Thursday, September 8, 2022

Review The Insurgents, David Petraeus And The Plot To Change The American Way Of War

Kaplan, Fred, The Insurgents, David Petraeus And The Plot To Change The American Way Of War, New York: Simon & Schuster, 2013


 

Journalist Fred Kaplan had a good idea behind writing The Insurgents, David Petraeus And The Plot To Change The American Way. He wanted to explain how a small group of U.S. army officers, academics and think tankers tried to incorporate counterinsurgency into military doctrine to save the failing wars in Iraq and Afghanistan. He goes into the ideas they shared, the books they read, the papers they wrote and their role in the two conflicts. Most of the book is about Iraq with only the last few chapters switching to Afghanistan under the Obama administration. Kaplan believed that counterinsurgency was institutionalized within the U.S. army, but the book has one gaping hole, an assessment of whether the new strategy worked or not.

 

Kaplan focused upon several individuals but the re-occurring characters were John Nagl, David Kilcullen and General David Petraeus.
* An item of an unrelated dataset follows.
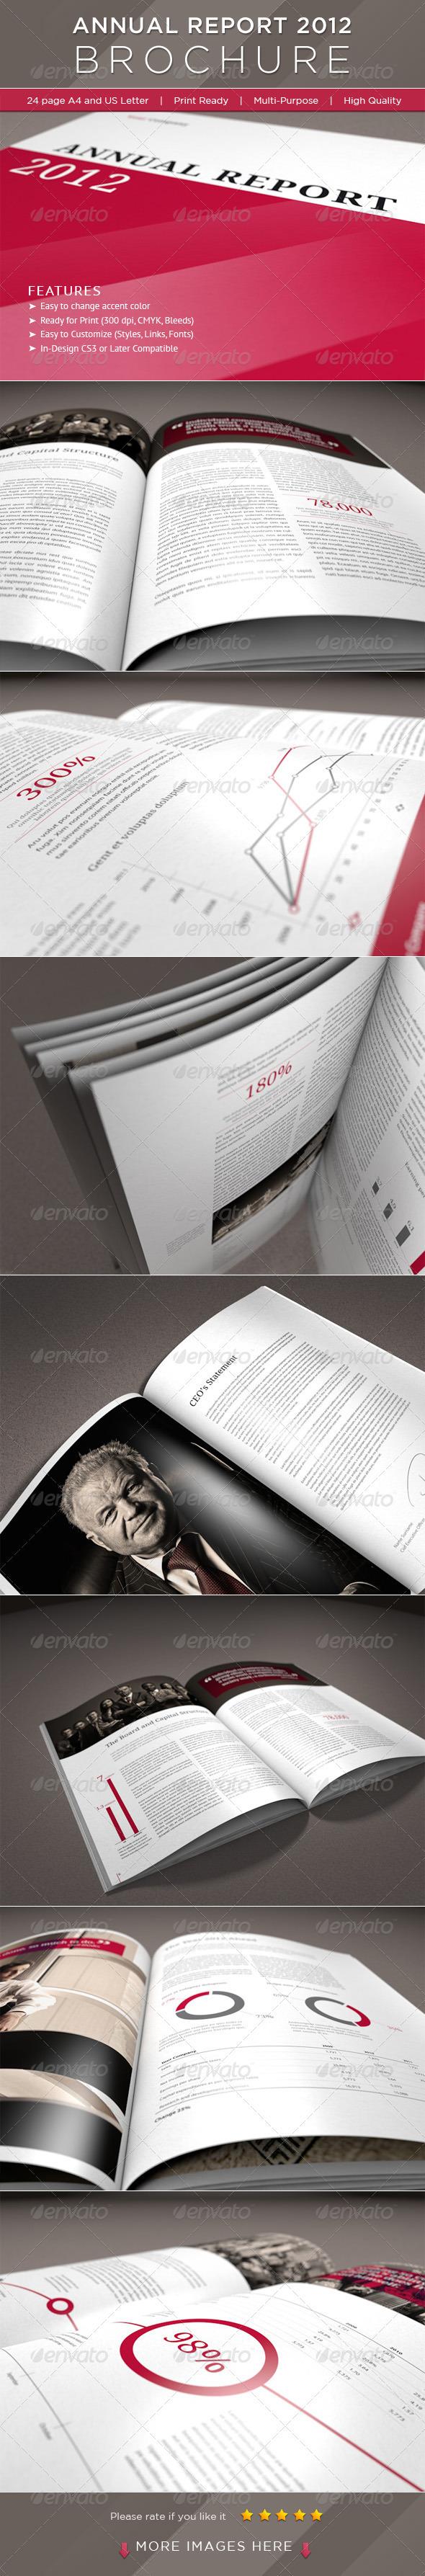 GraphicRiver 24 Page Annual Report Brochure 883492

After Vietnam the U.S. military tried to put counterinsurgency behind it and returned to planning for war versus the Soviet Union. That meant when the U.S. invaded Iraq and was faced with a new insurgency it had no strategy or tactics to deal with. Nagl, Kilcullen and Petraeus all served in Iraq and had a background in dealing with small wars like this. They and others held meetings, conferences, wrote papers, and lobbied their superiors at the Pentagon to include counterinsurgency in American doctrine. Kaplan presents this a story of the determined few against the status quo. It’s also apparent that Nagl, Kilcullen and Petraeus were the main sources for his book because they dominate the narrative.

 

Most of the military was diametrically opposed to counterinsurgency because they were trained in fighting the Cold War. They also looked down at wars like Iraq and Afghanistan and the ideas behind counterinsurgency. Instead of focusing upon firepower and killing the enemy counterinsurgency talked about protecting the population, winning legitimacy for the host government, spending money to restore services, and more. It emphasized that these types of wars were political battles more than military ones. Kaplan shows how taking a conventional military approach helped screw up Iraq. Doing raids, kicking down doors, arresting all males, etc. were not only ineffective against the Iraqi insurgency but turned much of the population against the U.S. and made the situation worse.

 

Through constant lobbying this group was able to start counterinsurgency campaigns in Iraq in 2007 and Afghanistan in 2009. Petraeus would end up leading both efforts. This is where The Insurgents falls apart. It goes into the planning, the implementation and some of the effects of these two efforts but it never says whether they worked. Kaplan points out that the goal of both wars became pushing the two governments to carry out reforms to undermine the militants and gain the public’s support. The Iraqi government was a participant in the civil war. The Afghan government was thoroughly corrupt. Neither was open to many changes. That’s where the author leaves it. Perhaps he was reluctant to go further because both wars were on going when his book was published but he implies that neither campaign worked but he’s just unwilling to go there. He seemed more concerned with the group of thinkers and their impact upon the U.S. military than their impact on Iraq and Afghanistan. This is a major shortcoming because to argue for counterinsurgency and not give it an assessment only tells part of the story.

 

The Insurgents is about a war of ideas within the U.S. military more than whether those concepts were effective out in the field. Kaplan got caught up on his group of strategists and their fight for acceptance. He believed they won their bureaucratic battle and got counterinsurgency codified within doctrine and the officers that carried it out were promoted through the ranks. In fact, the American military has tried to put Iraq behind it just like it did with Vietnam and gone back to thinking about confrontations with major powers once again. Kaplan also implies that the U.S. had very difficult times winning legitimacy for the Iraqi and Afghan governments but didn’t come out and say that the attempt to push reforms Washington wanted largely failed. That’s the reason why the war with the Islamic State broke out in Iraq in 2014 and the Afghan government fell to the Taliban in 2020. That doesn’t make The Insurgents a bad book but it’s mostly good for reading about the debate within the U.S. military rather than implementing counterinsurgency.